Scientists have unlocked a mystery about how our brains process sound and speech. A groundbreaking study from NYU Langone Health reveals the intricate electrical dance inside our heads whenever we speak. This research offers unprecedented insights into human communication and potential neurological conditions.
Why it matters
Researchers have mapped the brain's hidden circuitry that helps humans distinguish their own voice from external sounds, potentially explaining auditory hallucinations in schizophrenia and offering a window into how our brains keep us alert while speaking.
“Our findings also provide specific insight into schizophrenia, offering an explanation for the source of auditory hallucinations, as resulting from disrupted corollary discharge between the brain’s motor and auditory cortices. What we and many other researchers suspect is happening in some people with schizophrenia is that they are unable to dissociate their own voice from others or even other external stimuli,” —Adeen Flinker, PhD,, Associate Professor in the Department of Neurology and NYU Tandon School of Engineering
Details
The study identified a communication pathway between the brain's motor and auditory cortices, tracing millisecond-long electrical signals. This pathway has been fine-tuned by evolution to facilitate survival.
By the numbers:
- 8 epilepsy patients studied
- 3,200+ electrical brain activity recordings
- 120 milliseconds: average duration of crucial brain signals
- 200+ brain probes used in research
Auditory corollary discharge in the human starts in the bottom, or ventral, part of the motor cortex, a subregion called the precentral gyrus (red), and then moves down across its folds to a neighboring auditory cortex subregion called the superior temporal gyrus (blue). Credit: Proceedings of the National Academy of Sciences (PNAS)
How it works
Participants completed speech experiments during surgical breaks, repeating words like "balloon" while researchers tracked their brain's ability to filter out background noise. The electrical signals start in the motor cortex's ventral region (precentral gyrus) and move to the neighboring auditory cortex (superior temporal gyrus).
The intrigue
By understanding these brain circuits, researchers hope to develop new approaches to understanding and potentially treating conditions like schizophrenia, where the ability to differentiate one's own voice from external sounds is disrupted.

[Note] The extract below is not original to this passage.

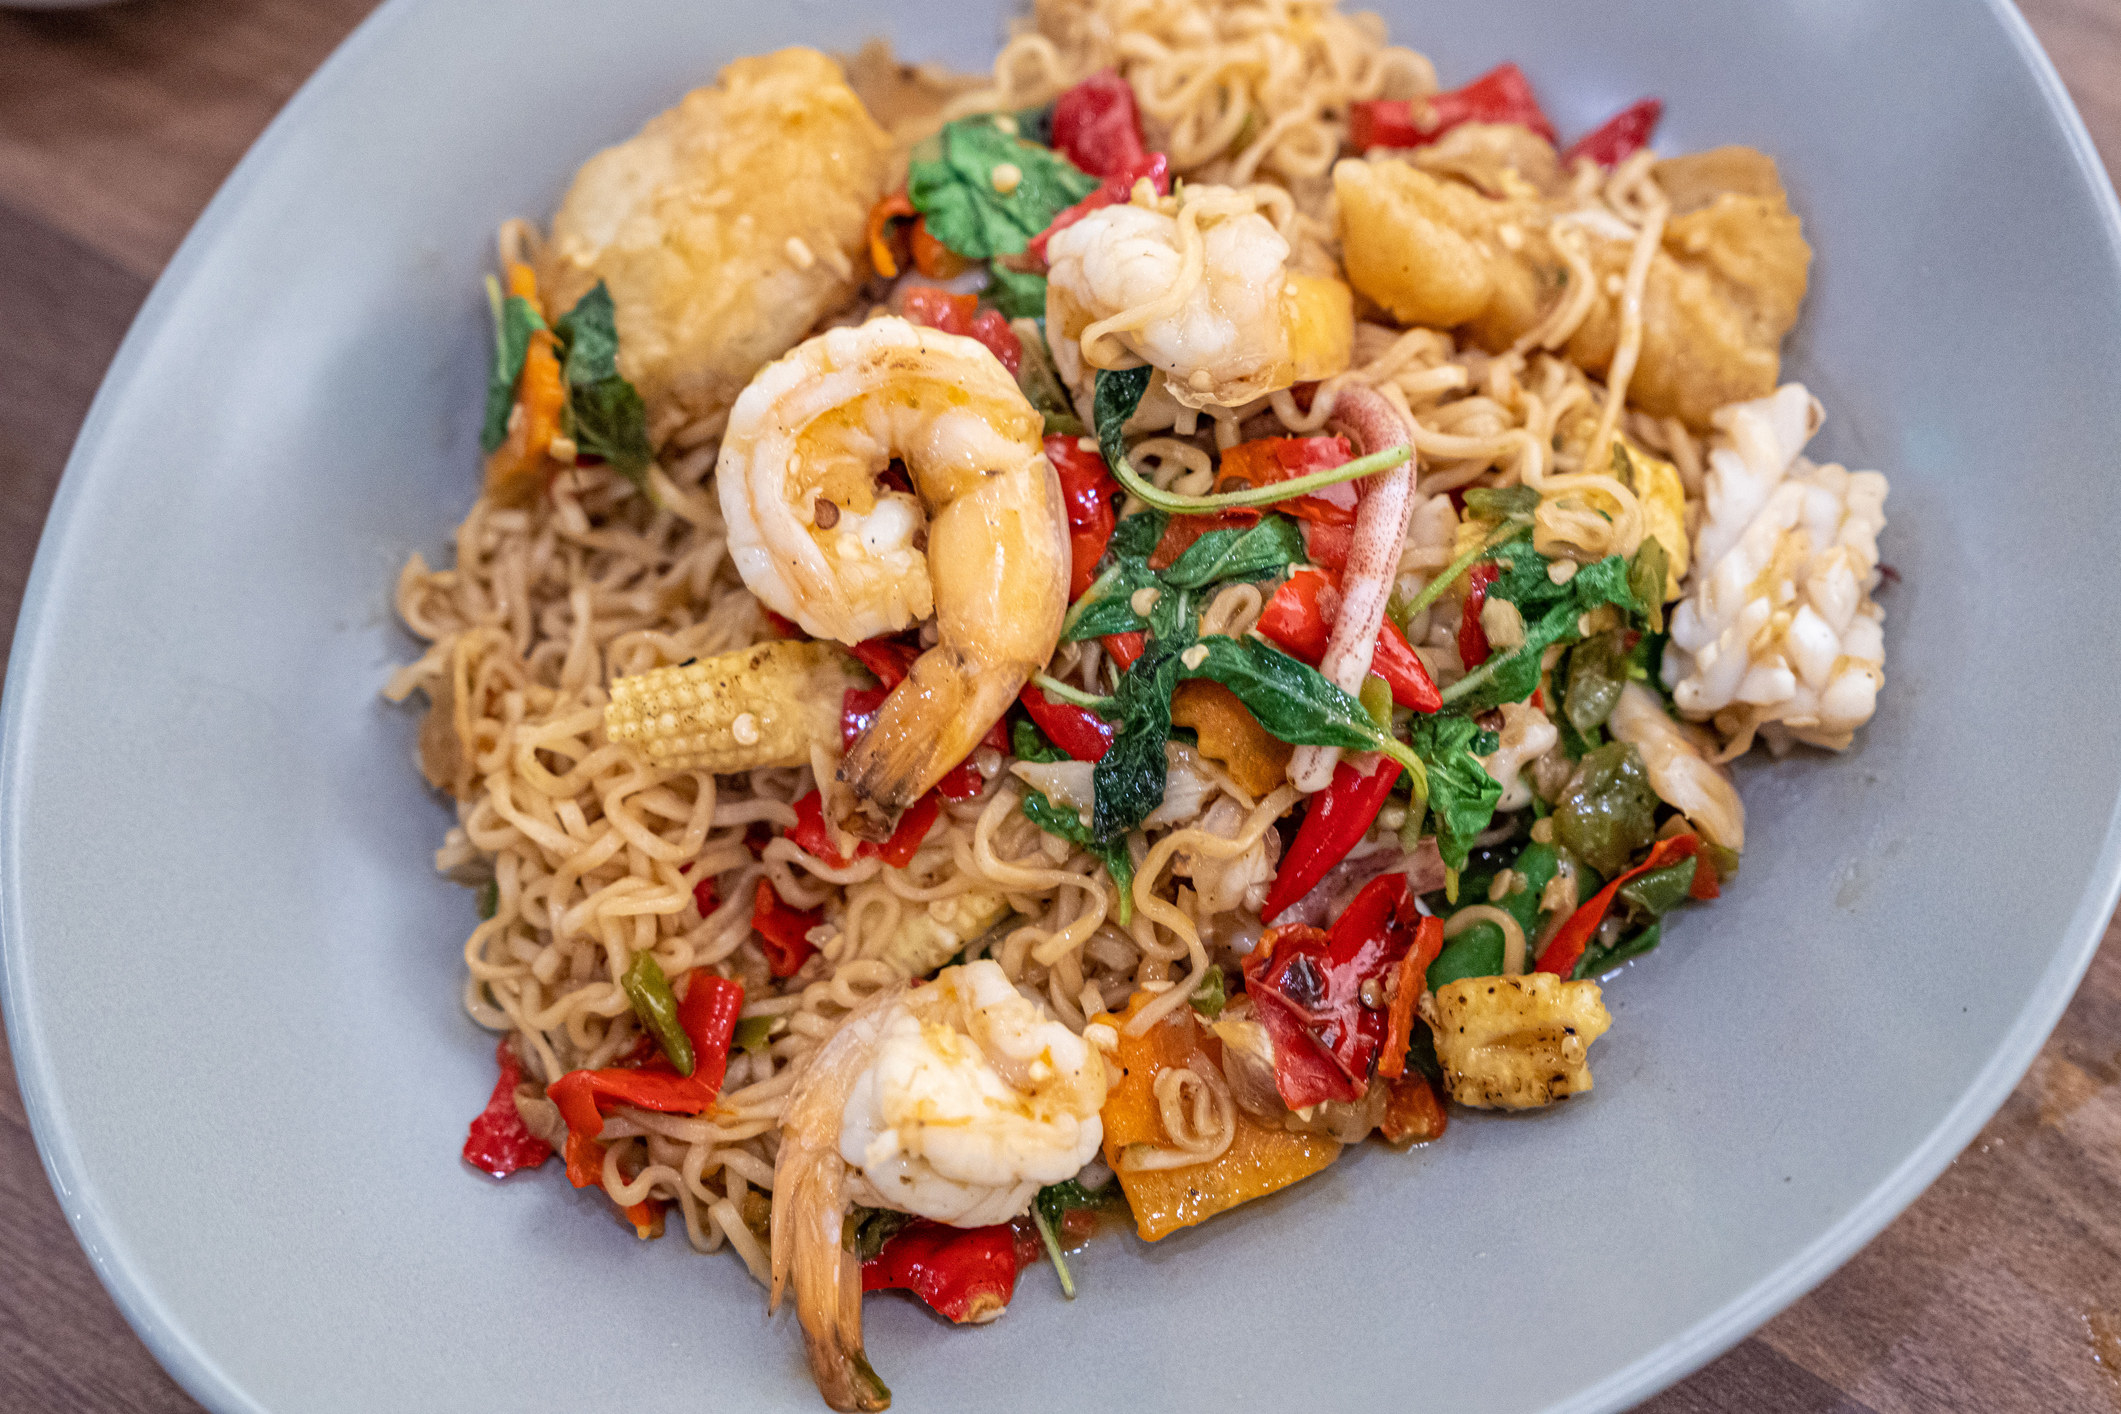 Shrimp stir fry noodles and vegetables

- Future research will focus on testing these circuits during induced hallucinations and developing non-invasive methods to study brain signal processing in people with neurological conditions.
The takeaway
This research provides the first direct evidence of how human brains create an internal "noise-canceling" system, distinguishing our own sounds from external stimuli—a skill crucial for communication and survival.